(PROMPT) Within the entries below, please return exactly the lines from the one with "A step towards" through the one with "Gray Cranes fly", leaving out any pictures.

======== INFORMATION PROVIDED ========

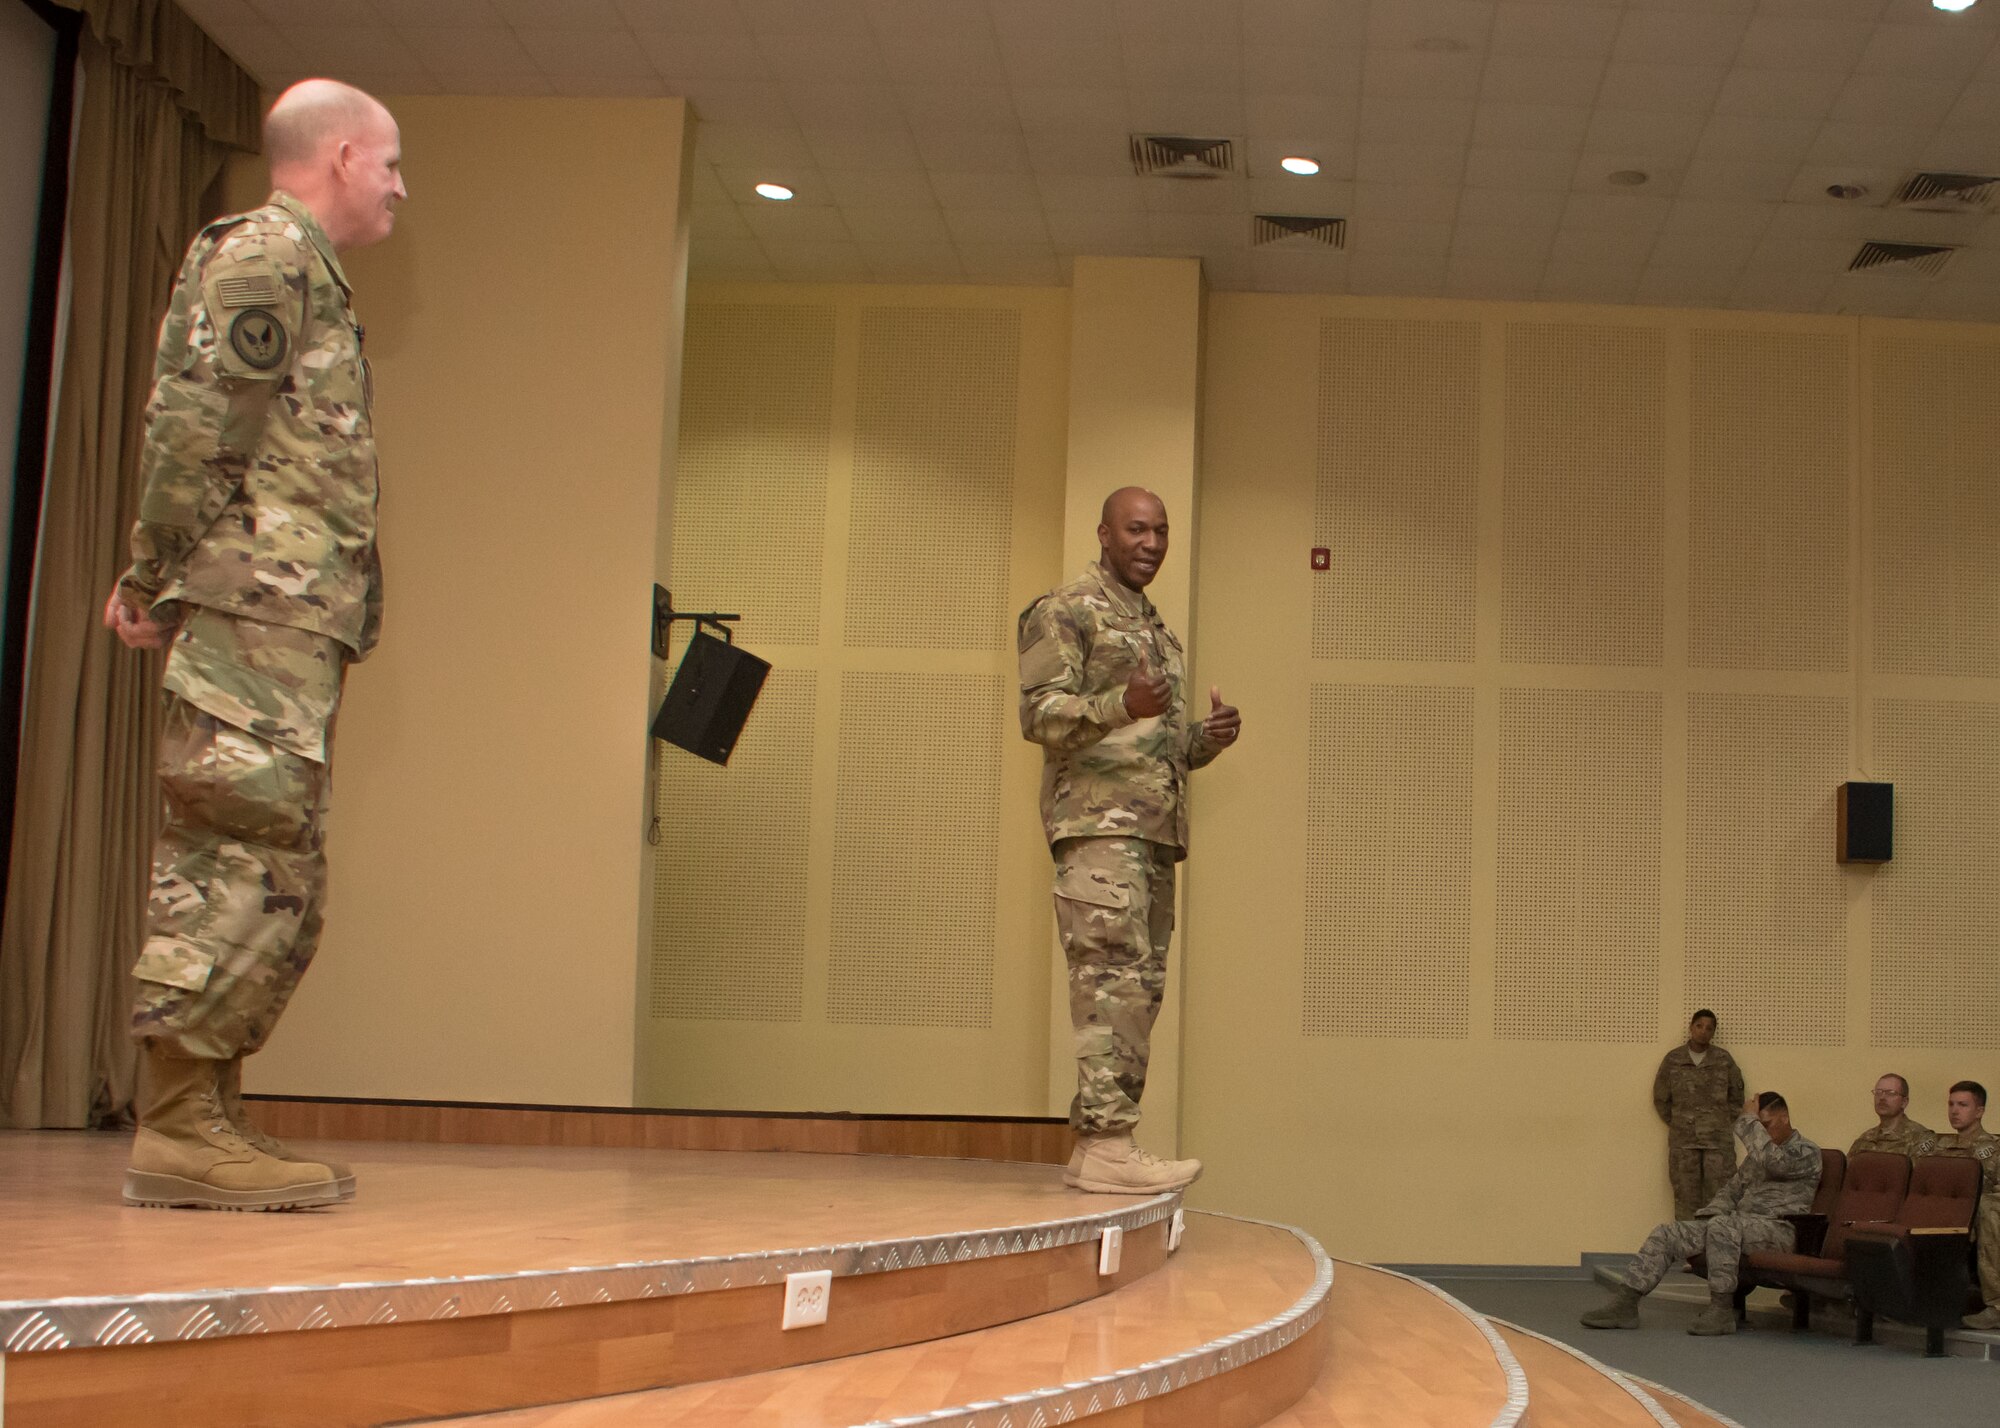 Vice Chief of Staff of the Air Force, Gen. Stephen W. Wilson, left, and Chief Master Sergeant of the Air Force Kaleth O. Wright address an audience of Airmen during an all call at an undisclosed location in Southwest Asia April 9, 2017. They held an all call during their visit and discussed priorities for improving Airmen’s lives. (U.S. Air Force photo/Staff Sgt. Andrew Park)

========
======== INFORMATION PROVIDED ========

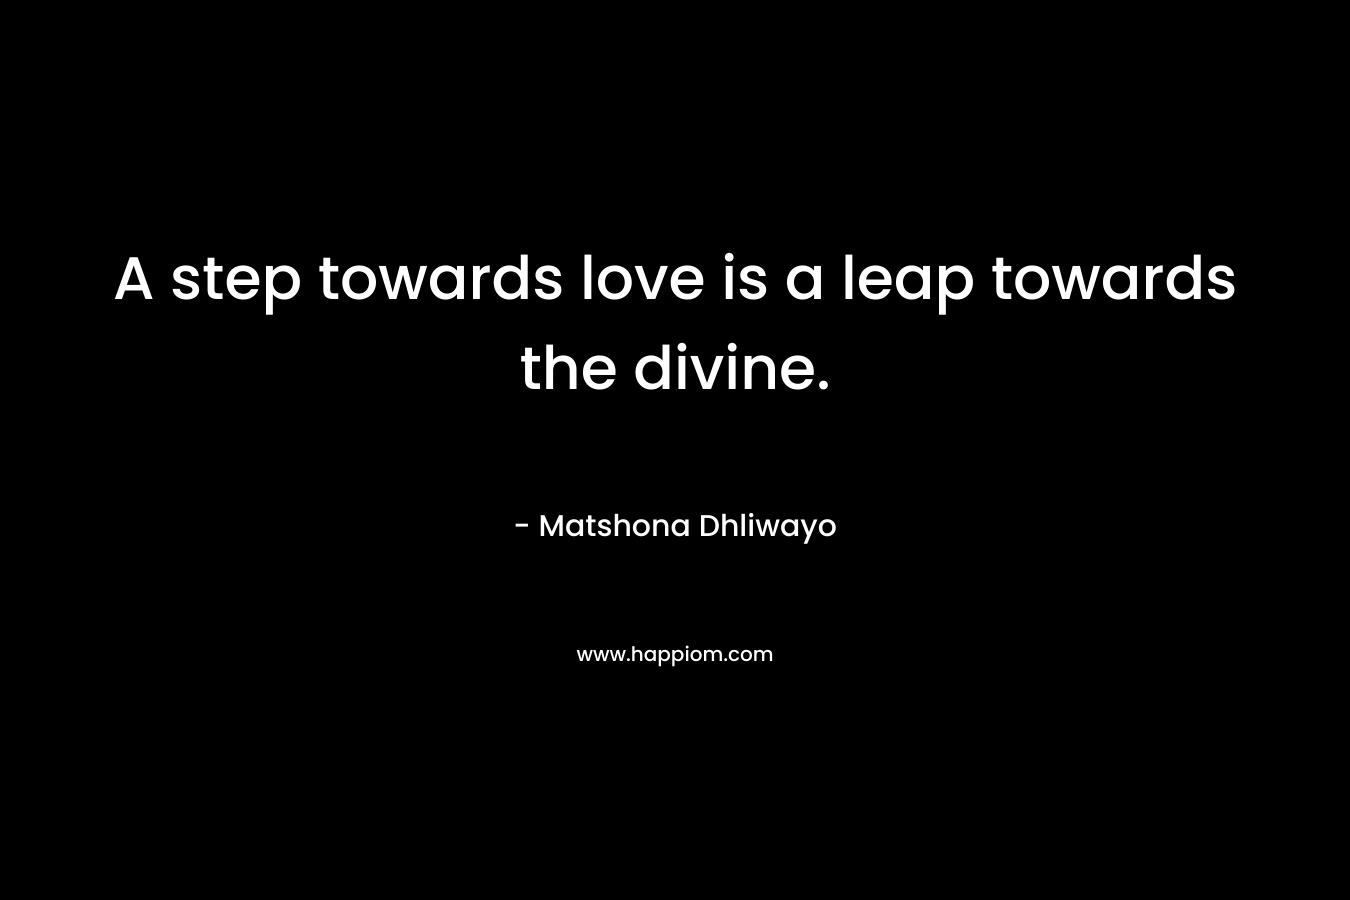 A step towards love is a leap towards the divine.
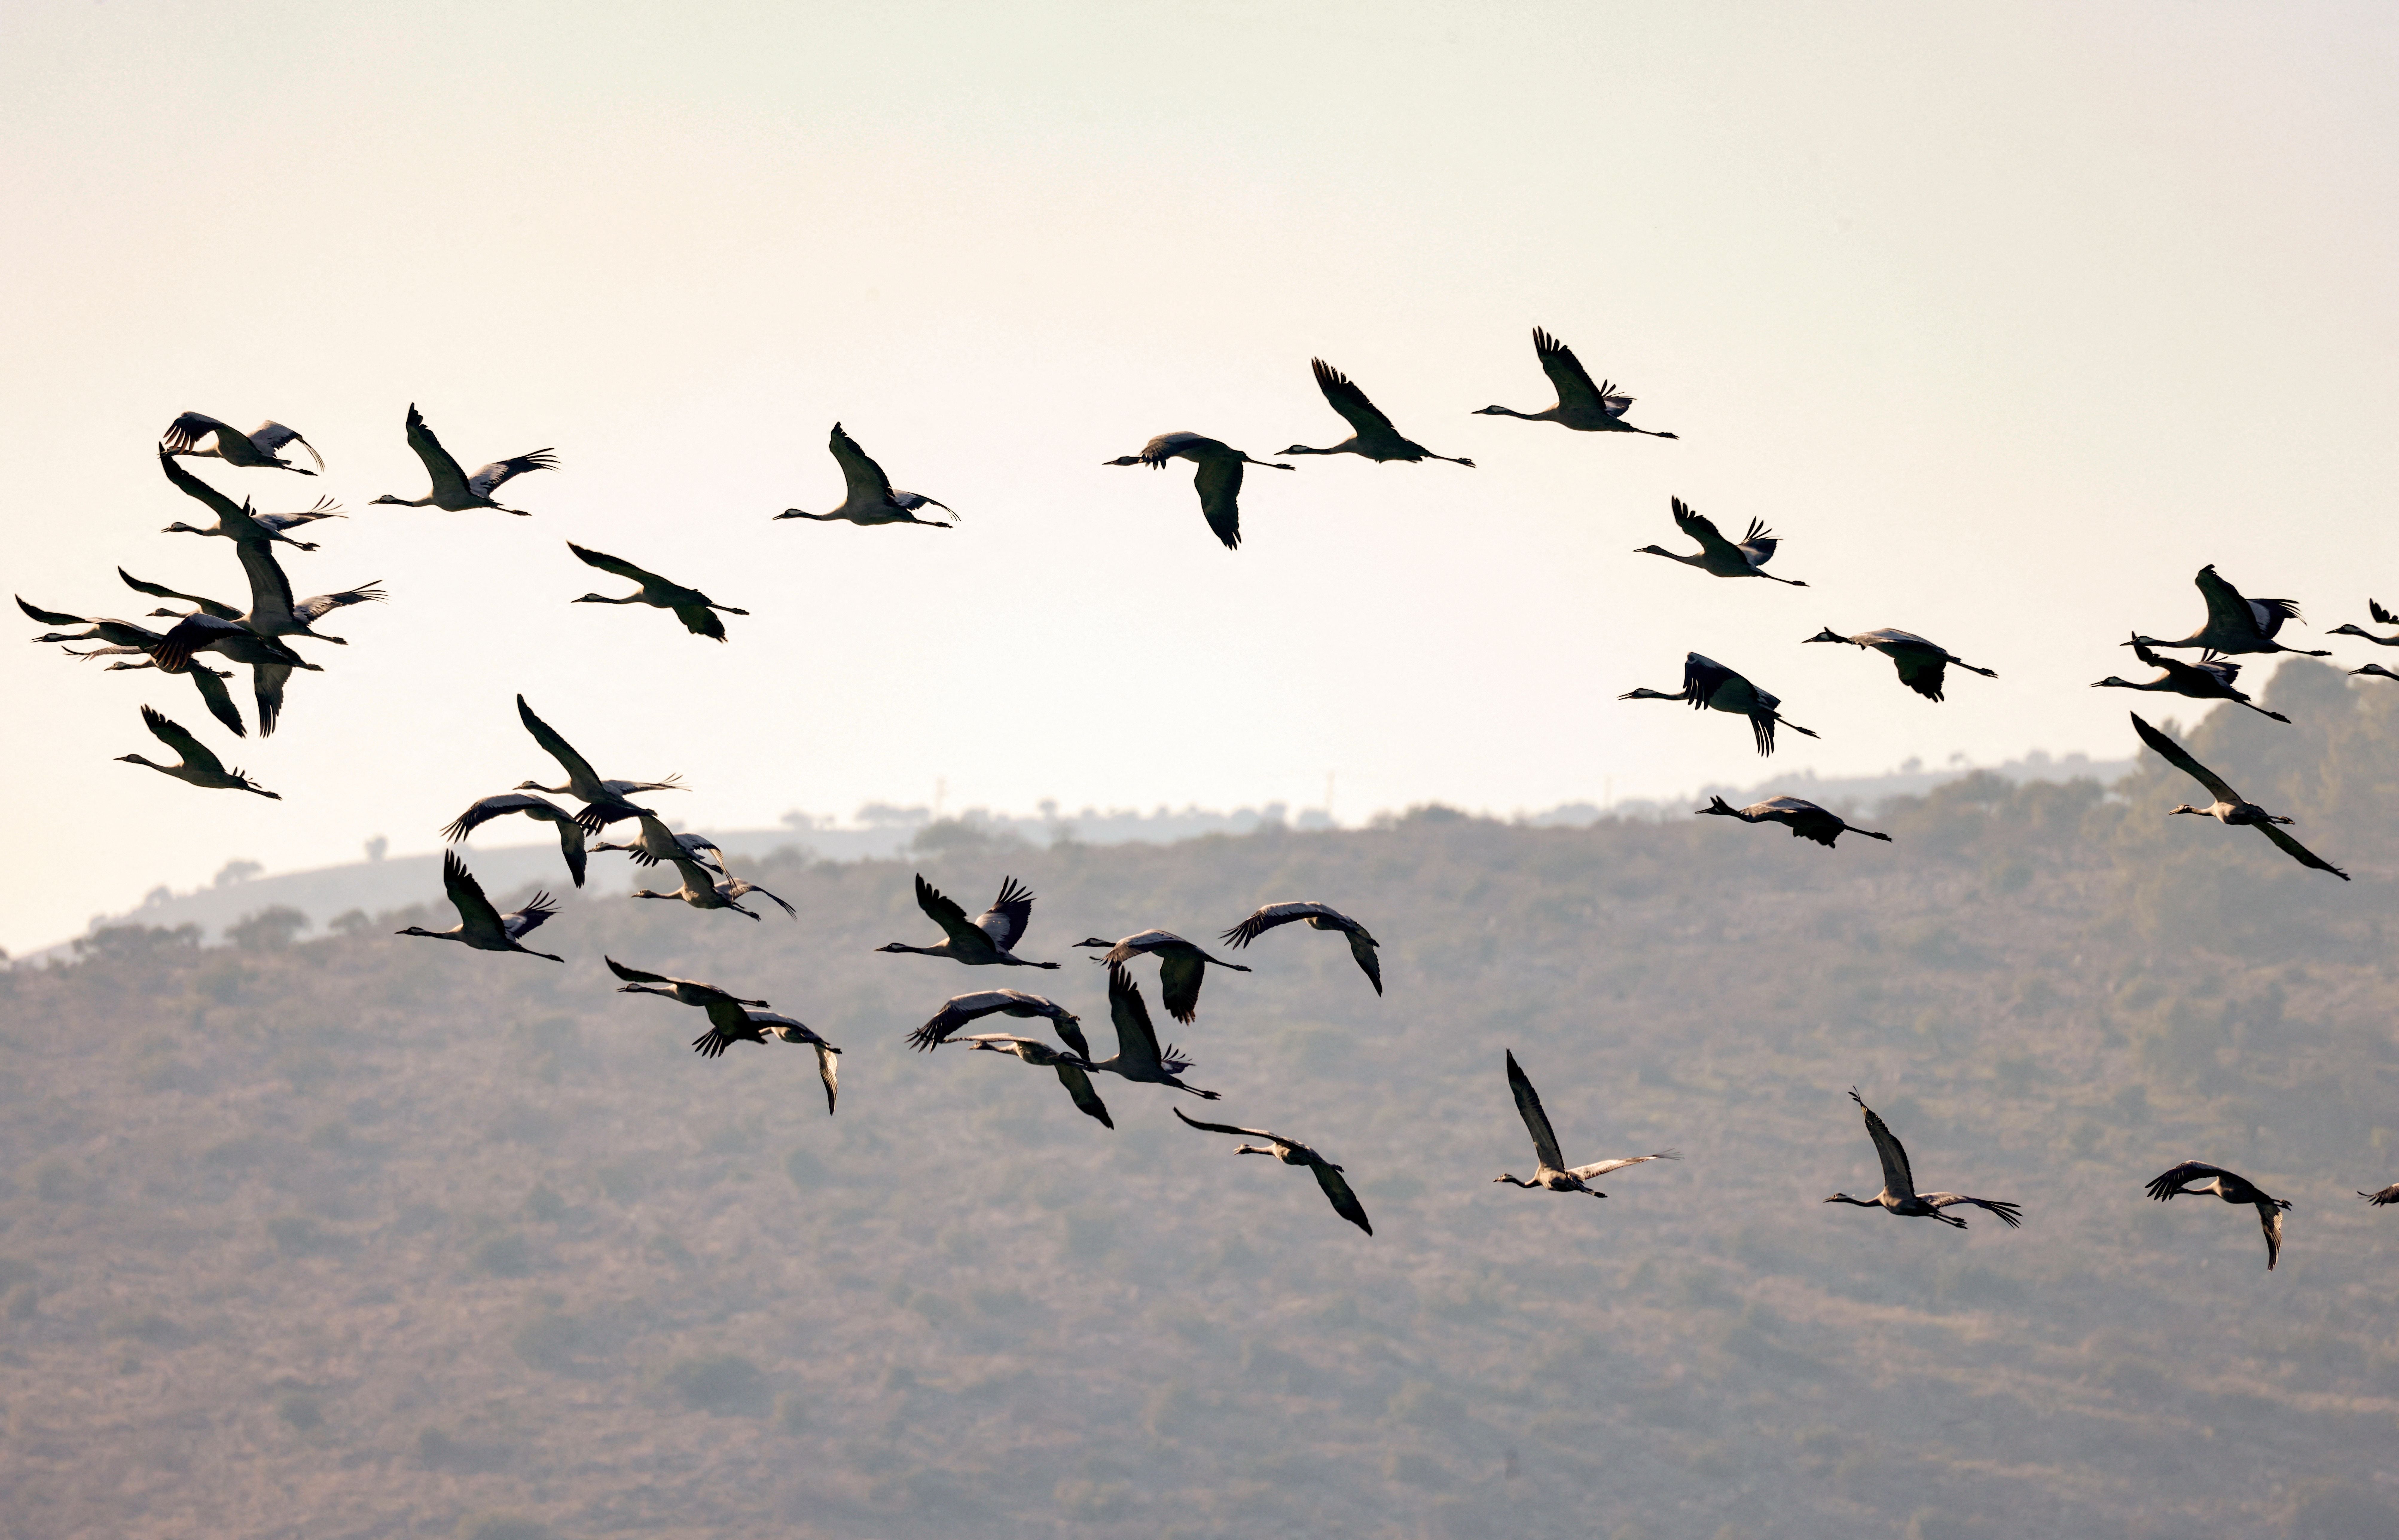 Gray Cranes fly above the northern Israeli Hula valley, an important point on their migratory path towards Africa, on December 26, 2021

========

(EXERCISE SOLUTION)
 A step towards love is a leap towards the divine.
 Gray Cranes fly above the northern Israeli Hula valley, an important point on their migratory path towards Africa, on December 26, 2021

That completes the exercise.